A typical sectional makes a Manhattan road map look like the scrawled directions to your friend's Fourth of July barbecue. "Yes, chart clutter absolutely is a problem," admits Ronald Bolton, the chief of the AC&C's Aeronautical Chart Division, the group that compiles and continually corrects sectionals. "These are the most complex charts I've ever worked with, and I've been doing this since 1974. We make the best damn charts in the world, and we spend more money checking and verifying them than we do in actually producing and printing them. It's a very accurate product."
I have flown with charts and without--the without largely the consequence of carelessness or overconfidence. But just as those who've been rich and poor say rich is better, I say charts is better. One night, a friend dropped me off at a maintenance shop in New England to pick up my airplane, and sailed away into the starry dark before I realized that I'd forgotten my sectional.
Never mind, this is home territory, I thought. For 33 years I'd criss-crossed the cities and rivers and highways around my home in the Hudson River Valley. Hell, I'll just fly west till I hit the Hudson.

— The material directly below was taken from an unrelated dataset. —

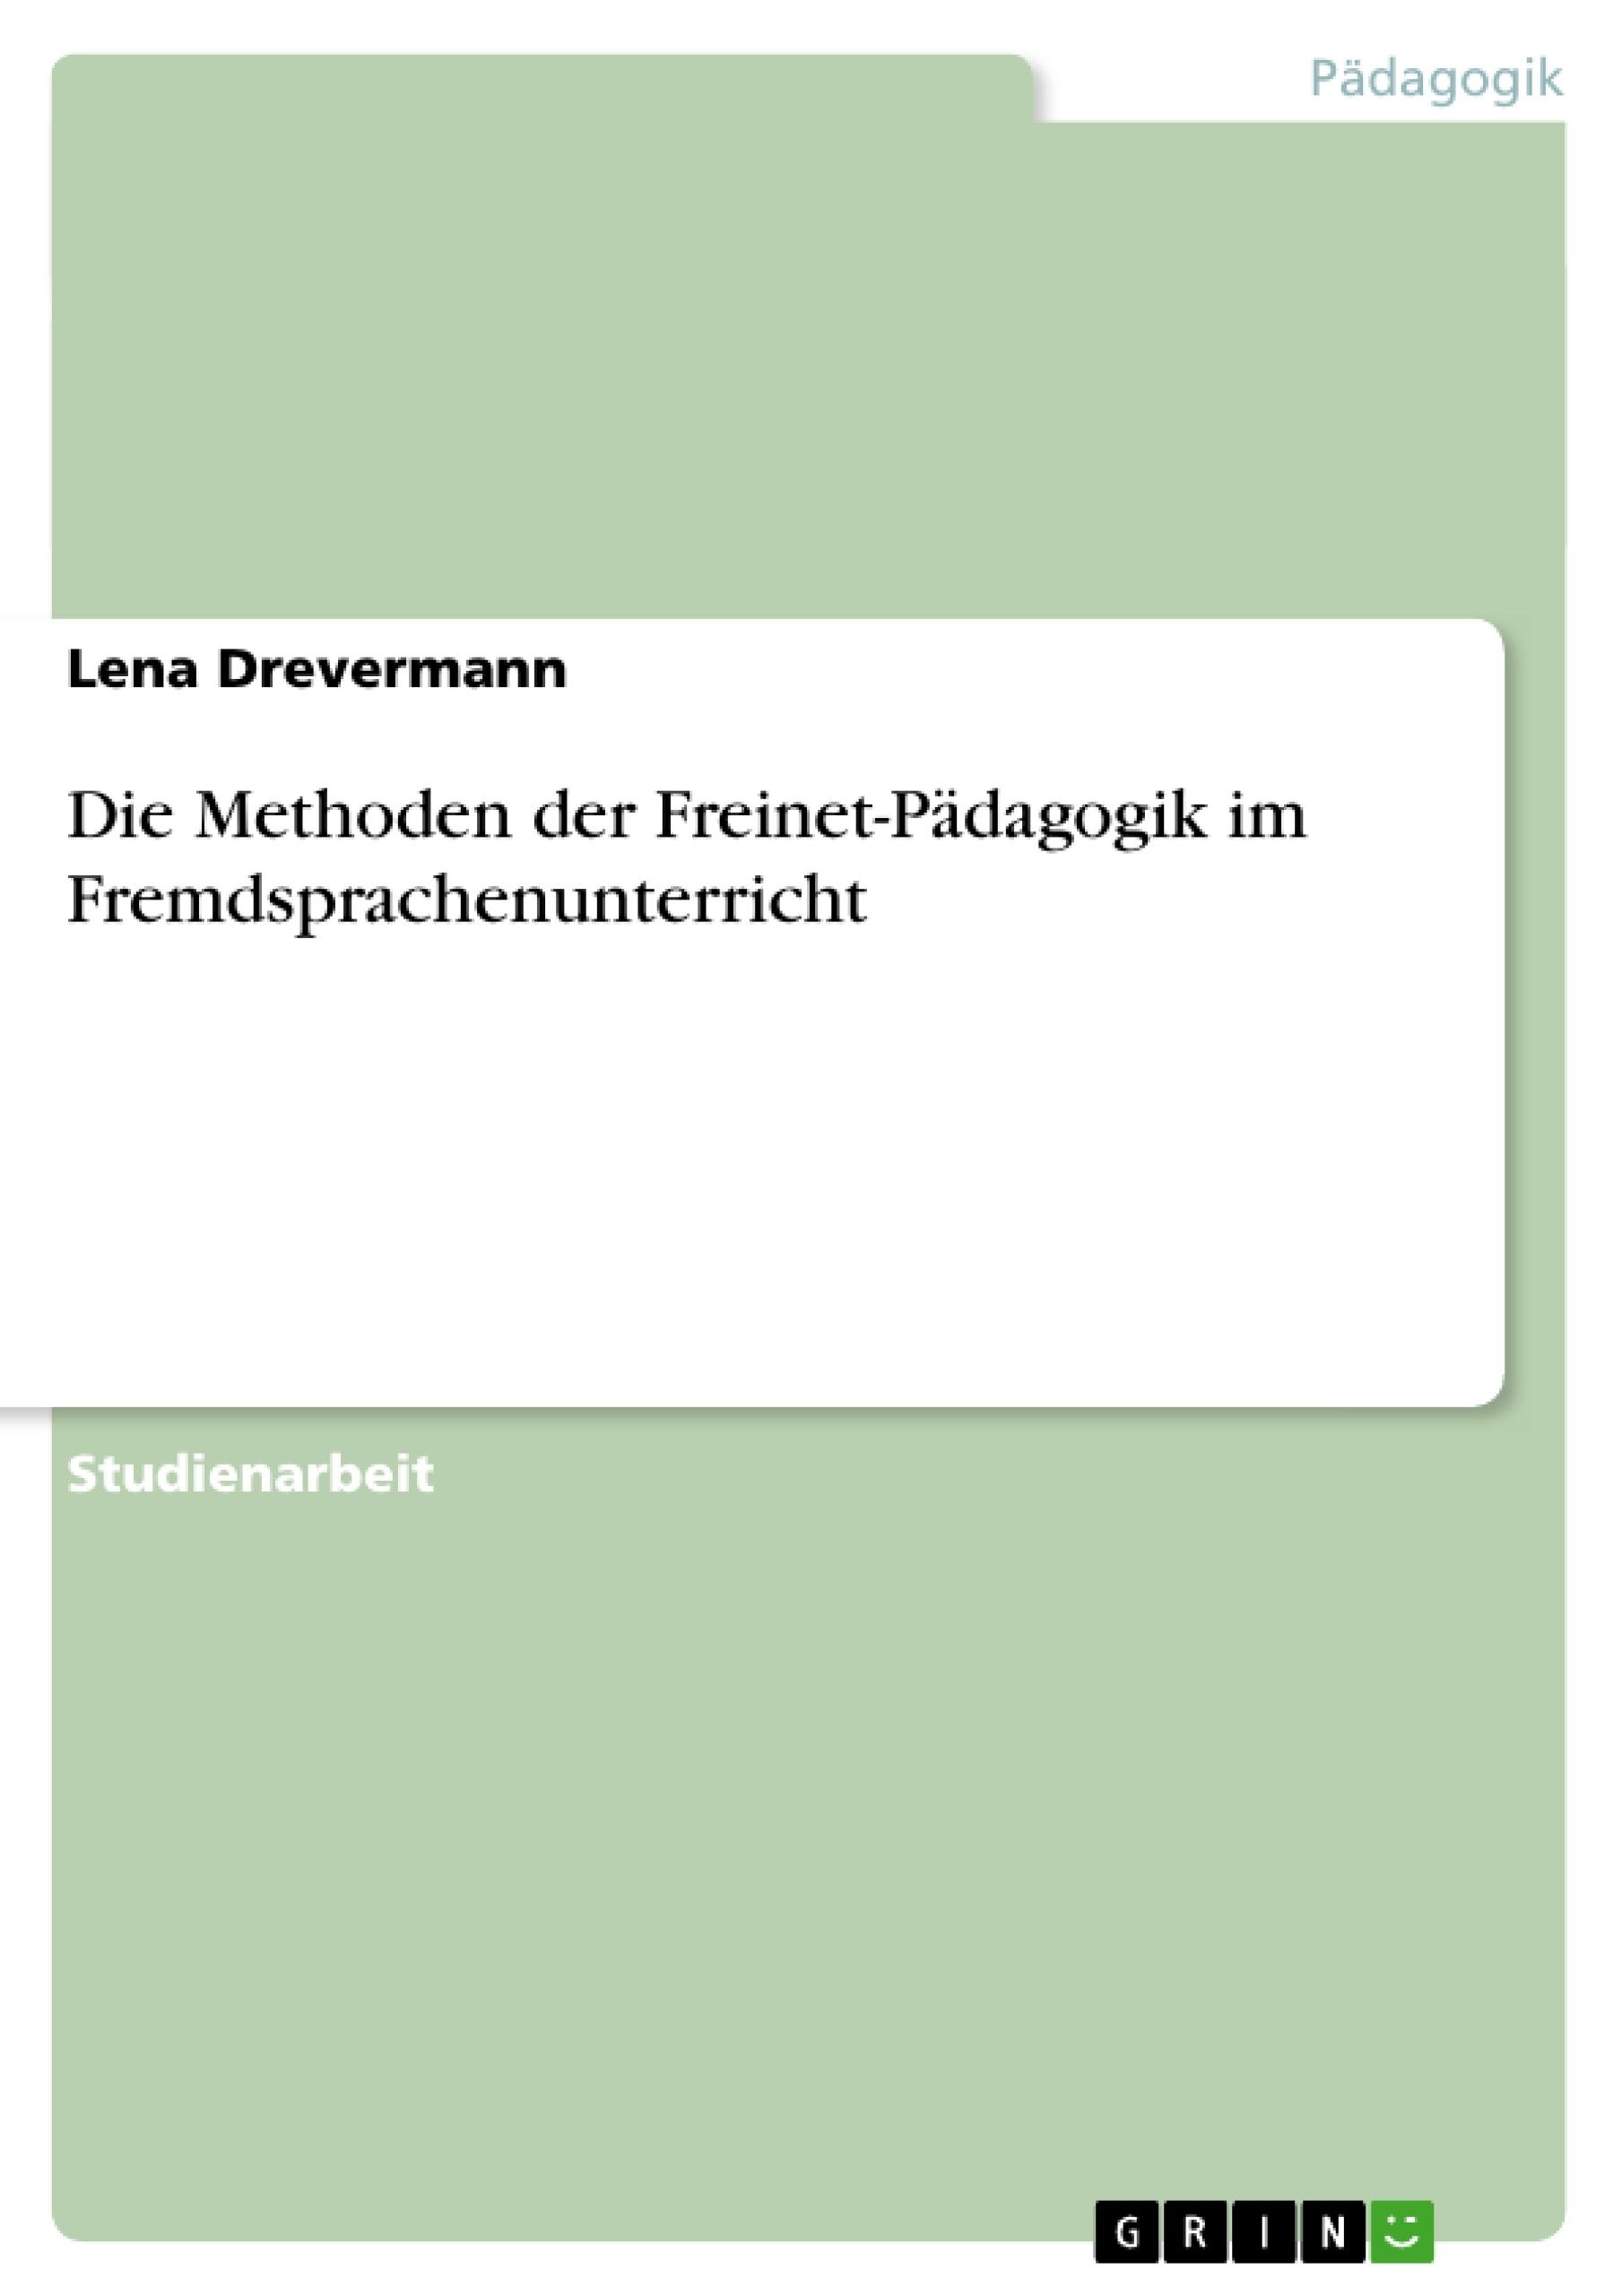 Titel: Die Methoden der Freinet-Pädagogik im Fremdsprachenunterricht

Let me tell you how lonely it feels to be a mote in the sky, suspended above a vast sea of lights--and, worse, areas of utter blackness--with an increasing awareness that you haven't the faintest idea where you are. Had the Hudson River already passed beneath me? Was that city Hartford, or was it Albany? I couldn't pull over and ask directions unless I chanced to see the beacon of an airport. Without my sectional I was a blind person with a 200--mph cane, tap-tap-tapping across the airspace and relying on memory.
I once flew with a bush pilot in the northern Arctic--indeed, we were on our way to the north magnetic pole, and, magnetic compass useless, he kept track of our grumbling old de Havilland Otter's progress with his thumb on a chart that he held in the same hand that held the yoke. He moved thumb and fingers as though he was saying a very slow rosary. Otters don't go very fast, but if he'd dropped the near-featureless map and lost his place, we might as well have landed, parked, and waited for the Mounties to find us.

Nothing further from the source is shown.